This study confirms a strong inclination to share clinical trial datasets, which are rich in personal details. Although re-identification risk scores may appear oversensitive for clinical trial datasets, which are typically smaller than datasets from electronic health records, their high magnitudes do not necessarily translate into real-life re-identification threats for participants. Instead, these scores provide valuable summaries for understanding the granularity of clinical trial datasets, aiding decision-making for dataset release for secondary purposes.

We have demonstrated that calculating re-identification risk scores is simple and feasible. The number and type of identifiers (continuous or discrete) are crucial in controlling risk scores. More identifiers increase granularity, with continuous identifiers adding more granularity than discrete ones. While risk scores alone cannot determine if data is sufficiently anonymised or protected, they can assist in calibrating the anonymisation process of clinical trial datasets.

Researchers can use our findings to compare their anonymised datasets with those we evaluated and should consider employing the process outlined in this research to guide their anonymisation procedures before data release. This includes providing clear data dictionaries and offering datasets in simple formats.
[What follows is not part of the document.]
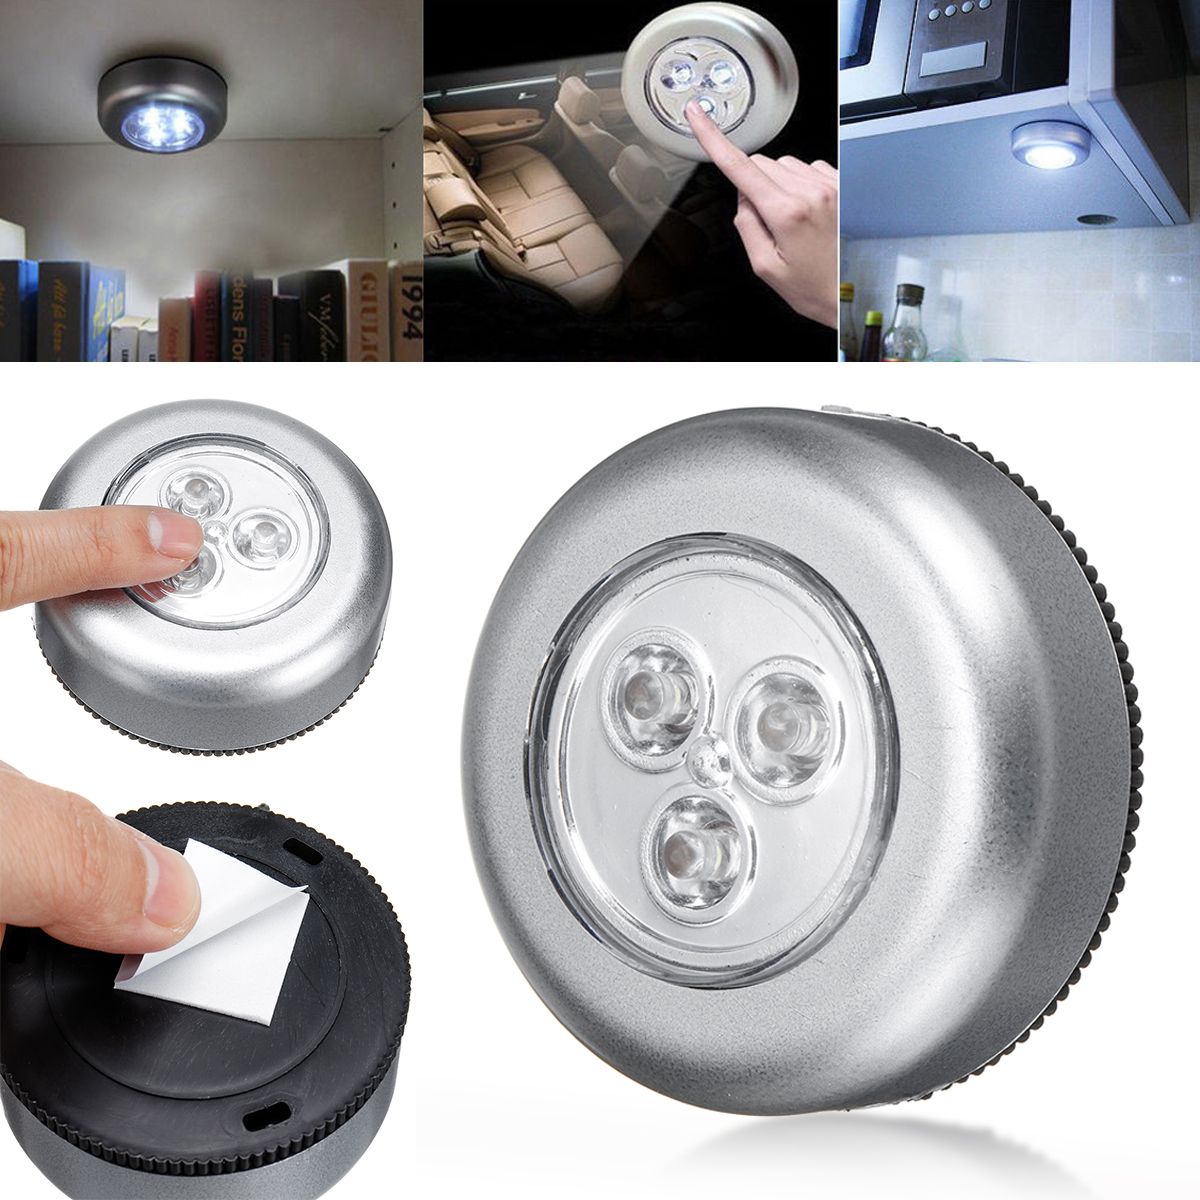 5pcs-Wireless-LED-Night-Light-Stick-Closet-Cabinet-Kitchen-Lamp-Battery-Powered-1697162

The proposed method is a cost-effective and pragmatic solution. While simple, it is highly informative and serves as a useful stopgap, especially when resources are limited.
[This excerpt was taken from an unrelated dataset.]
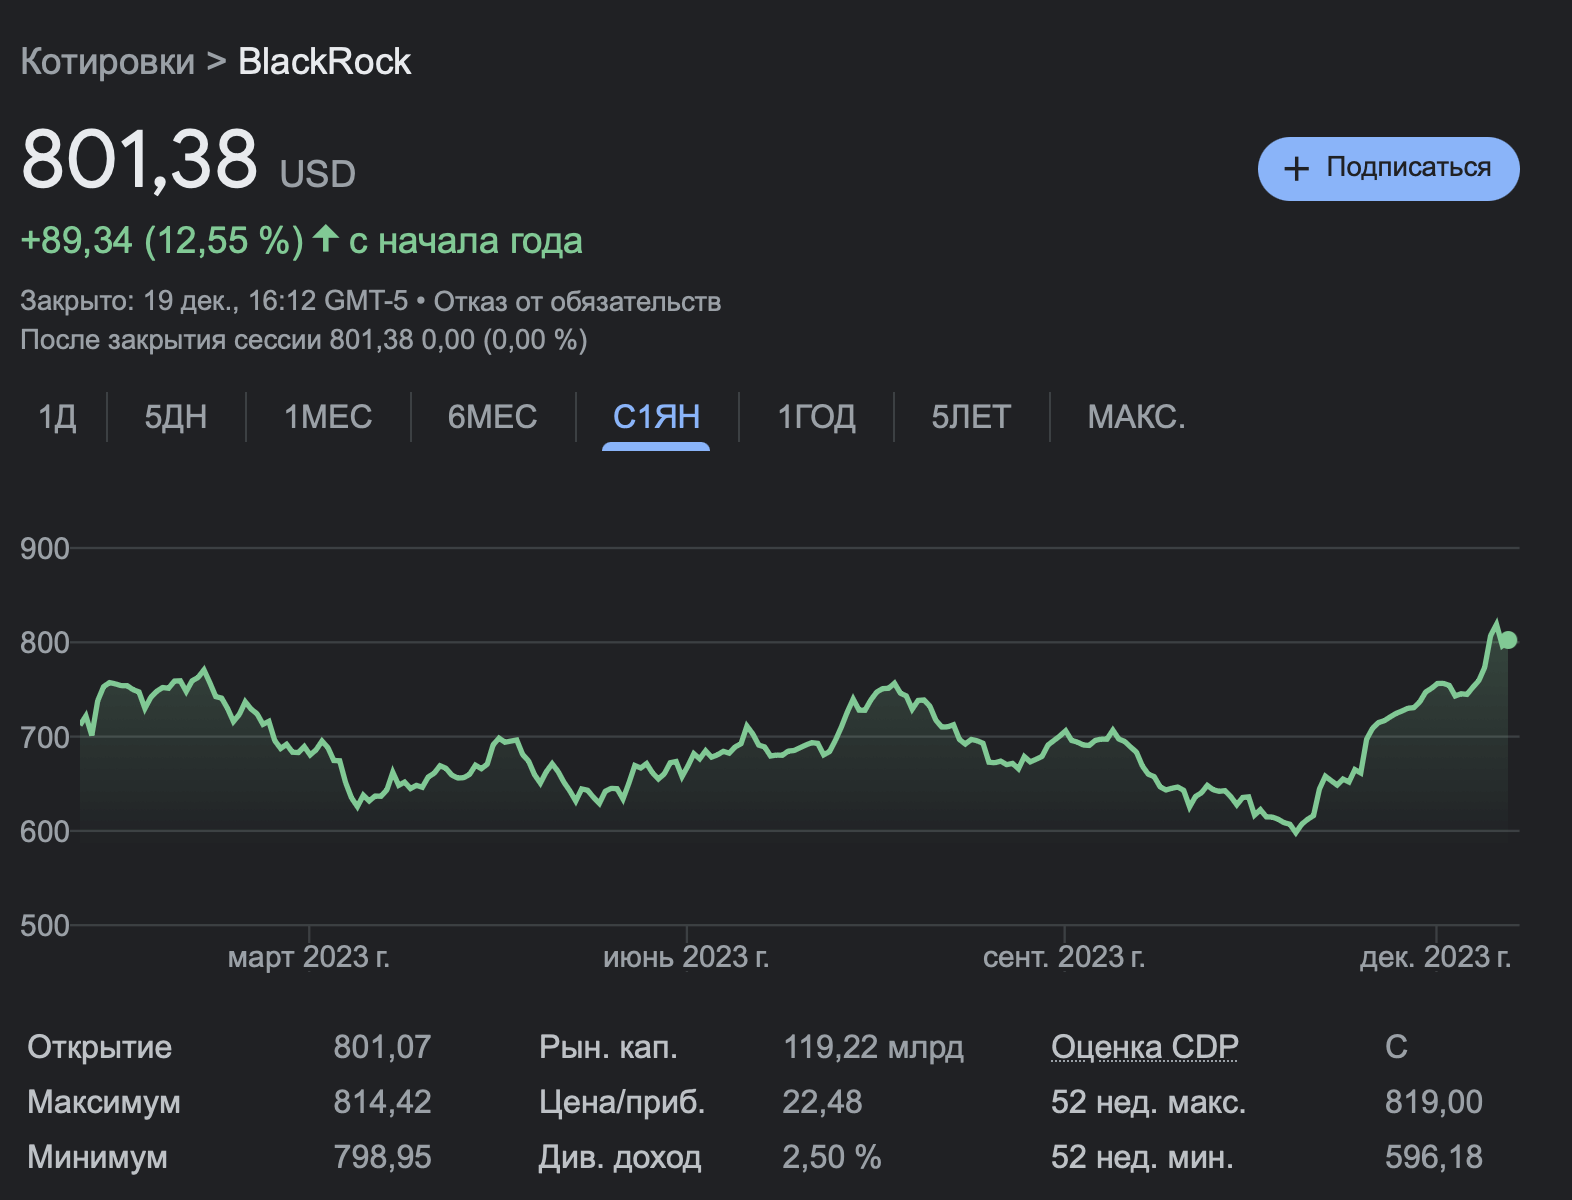 Когда запустят Биткоин-ETF от BlackRock. Изменения стоимости акций BlackRock с начала года. Фото.

id	Source (included studies)	Requested acknowledgments statements
1	https://datacompass.lshtm.ac.uk⁶¹(NCT02104232,⁶² NCT02111915,⁶³ ISRCTN36436933)⁶⁴	No statement required.
2	https://ctu-app.lshtm.ac.uk/freebird⁶⁵(ISRCTN7445979,⁶⁶ NCT00375258,⁶⁷ NCT00872469⁶⁸NCT00872469,⁶⁹ NCT03777488)⁷⁰	No statement required
3	https://datashare.is.ed.ac.uk⁷¹(ISRCTN45178534,⁷² ISRCTN25765518,⁷³IST (Registration not required),³⁵ ISRCTN71907627³⁶ISRCTN89489788)³⁴	We gratefully acknowledge the IST-3 Collaborative Group, the trial joint sponsors (The University of Edinburgh and the Lothian Health Board) and the chief funding agencies of the study: UK Medical Research Council, Health Foundation UK, Stroke Association UK, Research Council of Norway, Arbetsmarknadens Partners Forsakringsbolag (AFA) Insurances Sweden, Swedish Heart Lung Fund, The Foundation of Marianne and Marcus Wallenberg, Polish Ministry of Science and Education, the Australian Heart Foundation, Australian National Health and Medical Research Council (NHMRC), Swiss National Research Foundation, Swiss Heart Foundation, Assessorato alla Sanita, Regione dell’Umbria, Italy, and Danube University
4	https://www.clinicalstudydatarequest.com⁷⁴(Registration not required,⁷⁵ NCT01822899⁷⁶NCT01842607,⁷⁷ NCT01405053,⁷⁸ NCT00948766)⁷⁹	This publication is based on research using data from the Sponsor companies GlaxoSmithKline Research & Development Ltd, Eisai Limited and Novartis Pharma AG that have been made available to us through secured access. CSDR team or Sponsors have not contributed to or approved, and are not in any way responsible for, the contents of this publication. We thank both Sponsors and CSDR for providing us data and access.
5	http://datadryad.org⁸⁰(ACTRN12616000888460,⁸¹ HKCTR-1848⁸²Registration no required,⁸³ NCT04523831)⁸⁴	No statement required
6	http://yoda.yale.edu²²(NCT01715285,⁸⁵ NCT00903331⁸⁶NCT01004432,⁸⁷ NCT00211133)⁸⁸	This study, carried out under YODA Project 2022-4951, used data obtained from the Yale University Open Data Access Project, which has an agreement with JANSSEN RESEARCH & DEVELOPMENT, L.L.C. The interpretation and reporting of research using this data are solely the responsibility of the authors and does not necessarily represent the official views of the Yale University Open Data Access Project or JANSSEN RESEARCH & DEVELOPMENT, L.L.C.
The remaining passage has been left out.